REGENX BIOSCIENCES, LLC 

BOARD OF MANAGERS AGREEMENT 

This BOARD OF MANAGERS AGREEMENT (this “Agreement”) is made and entered into as of February 6, 2013 by and between
ReGenX Biosciences, LLC, a Delaware limited liability company (“ReGenX”), and Mr. Don Hayden, an individual (the “Manager”). ReGenX and the Manager are referred to herein together as the
“Parties.” 
 RECITAL 

ReGenX desires that the Manager become a member of its Board of Managers, and the Manager desires to become a member of the Board of Managers
of ReGenX. 
 AGREEMENT 
 In
consideration of the mutual covenants below, and intending to be legally bound, the Parties hereby agree as follows: 
 1. Board of
Managers. ReGenX hereby retains the Manager, and the Manager hereby agrees to serve, as a member of the Board of Managers of ReGenX. As a member of the Board of Managers, the Manager shall devote his efforts to satisfying the responsibilities,
and shall have the powers and be entitled to the rights, of a member of the Board of Managers as set forth in ReGenX’s Fifth Amended and Restated Limited Liability Company Agreement (a copy of which has been provided to the Manager), as such
agreement may be amended from time to time. 
 2. Compensation and Expenses. 

(a) As compensation for the Manager’s service on the Board of Managers, ReGenX will (i) pay the Manager an annual fee of $40,000,
payable within ten days after the execution of this Agreement and thereafter on each anniversary date of the date of this Agreement so long as the Manager serves on the Board of Managers, and (ii) grant to the Manager an equity incentive
consisting of 6,420,000 Class B Units of ReGenX. It is understood by the Manager that ReGenX is in the process of raising equity capital through the sale of Preferred Units and ReGenX wishes to compensate the Manager for the dilution caused by such
sale.
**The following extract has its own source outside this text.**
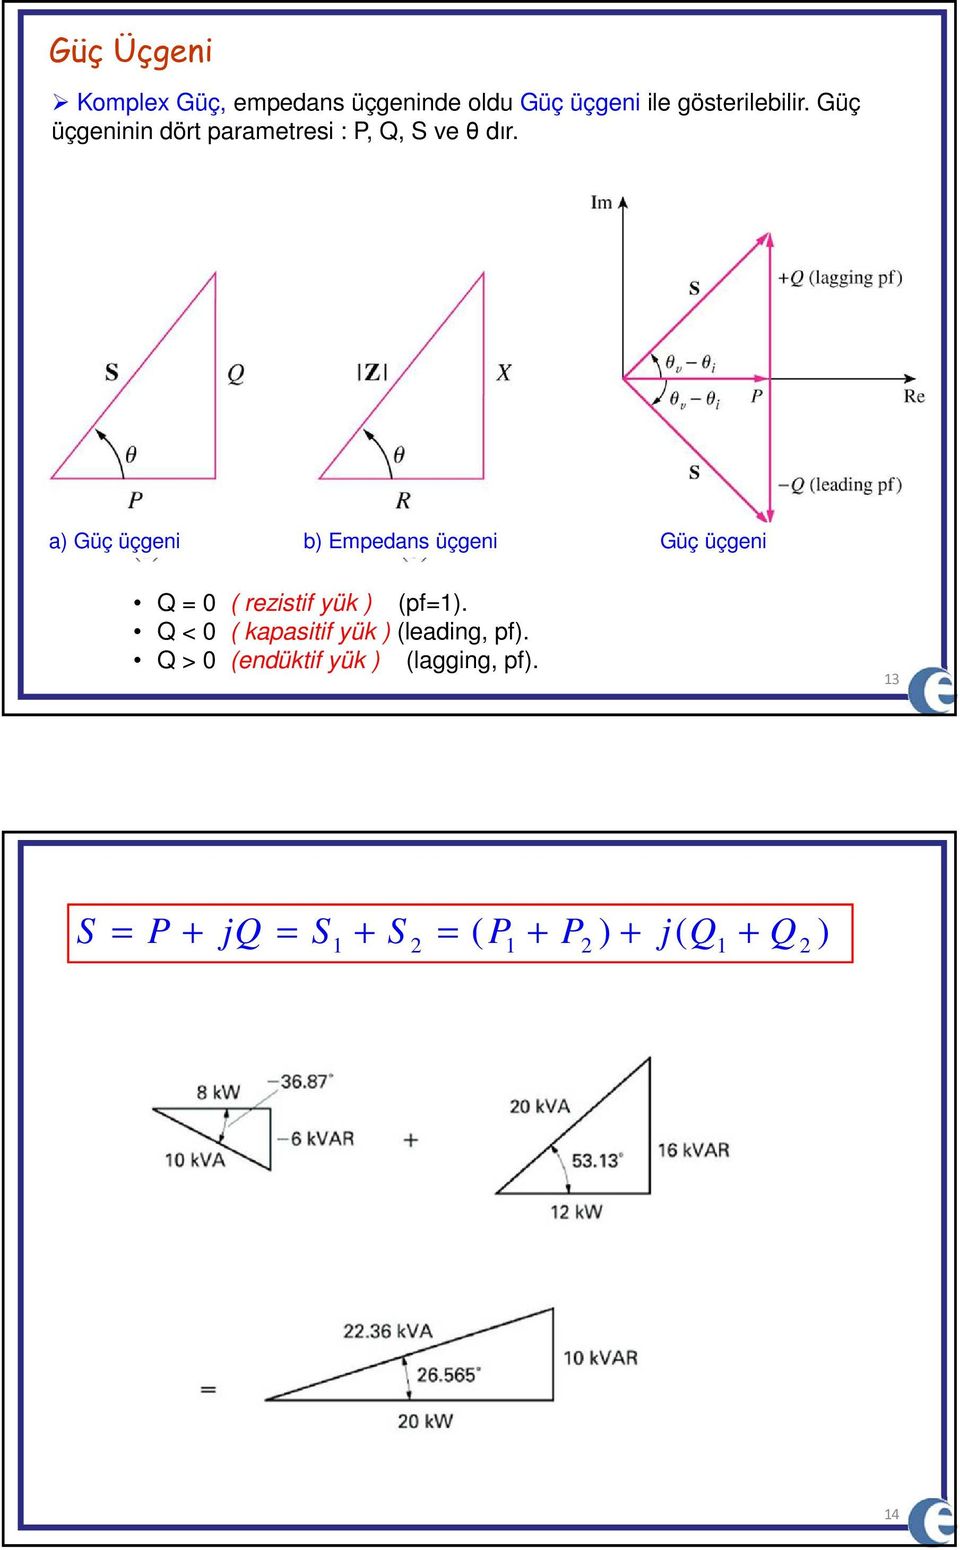 a Güç üçgen b Epedans üçgen Güç üçgen Q ( rezsf yük (pf.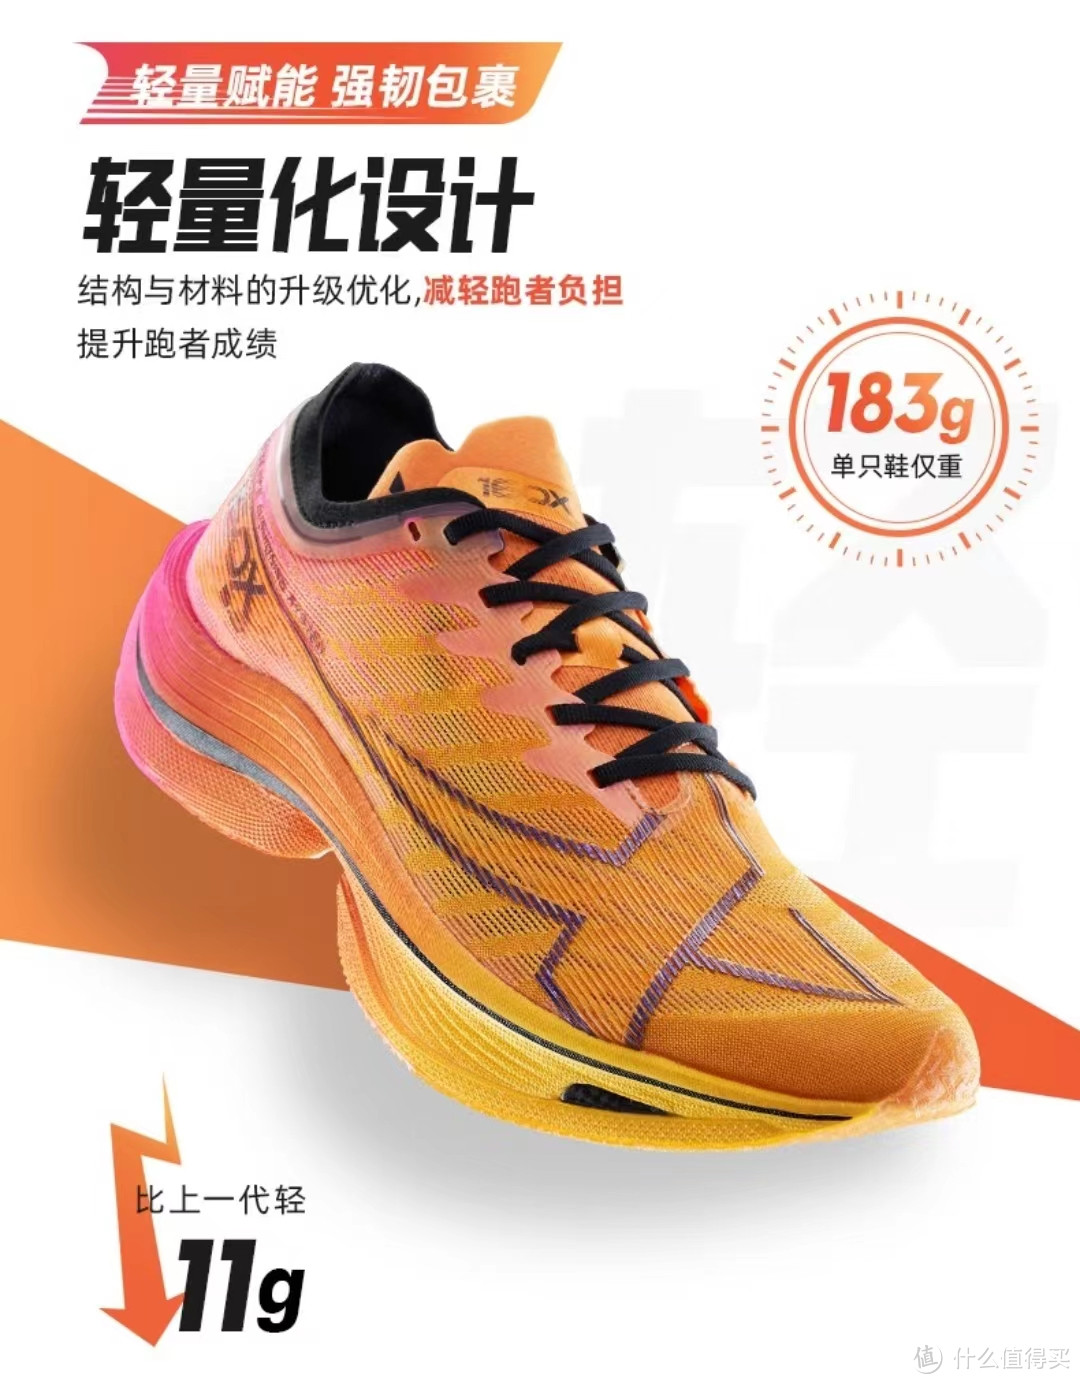 新一代冠军跑鞋——特步160X 5.0

Accordingly in the event that (i) ReGenX closes a sale of Preferred Units on or before December 31, 2013 and (ii) the Manager remains a member of the Board of Managers of ReGenX at the time of such sale then, no later than
promptly following such sale, ReGenX will grant the Manager such number of additional shares of Class B Units of ReGenX as is necessary to maintain Manager’s 2.5% equity interest in ReGenX, on a fully diluted basis. The terms and conditions of
the Class B Units and the grant are governed by the ReGenX Fifth Amended and Restated Limited Liability Company Agreement, the ReGenX 2009 Equity Incentive Plan and the Manager’s Class B Equity Interest Award Agreement, a copy of each of which
has been provided to the Manager. 
 (b) ReGenX will also reimburse or cause one or more of its affiliates to reimburse the Manager for all
reasonable travel and other expenses preapproved by ReGenX that 

 
the Manager incurs in connection with the services the Manager will provide to ReGenX. Reimbursements will be made in accordance with ReGenX’s policies and procedures for reimbursement,
including the delivery to ReGenX of appropriate expense vouchers or other documentation. 
 3. Recognition of ReGenX’s Rights;
Nondisclosure. 
 (a) At all times during the term of the Manager’s association with ReGenX and thereafter, the Manager shall
hold in strictest confidence and shall not disclose, use, lecture upon or publish any of ReGenX’s Proprietary Information (defined below), except to the extent such disclosure, use or publication may be required in direct connection with the
Manager’s performance for ReGenX as a member of the Board of Managers or is expressly authorized in writing by an officer of ReGenX. 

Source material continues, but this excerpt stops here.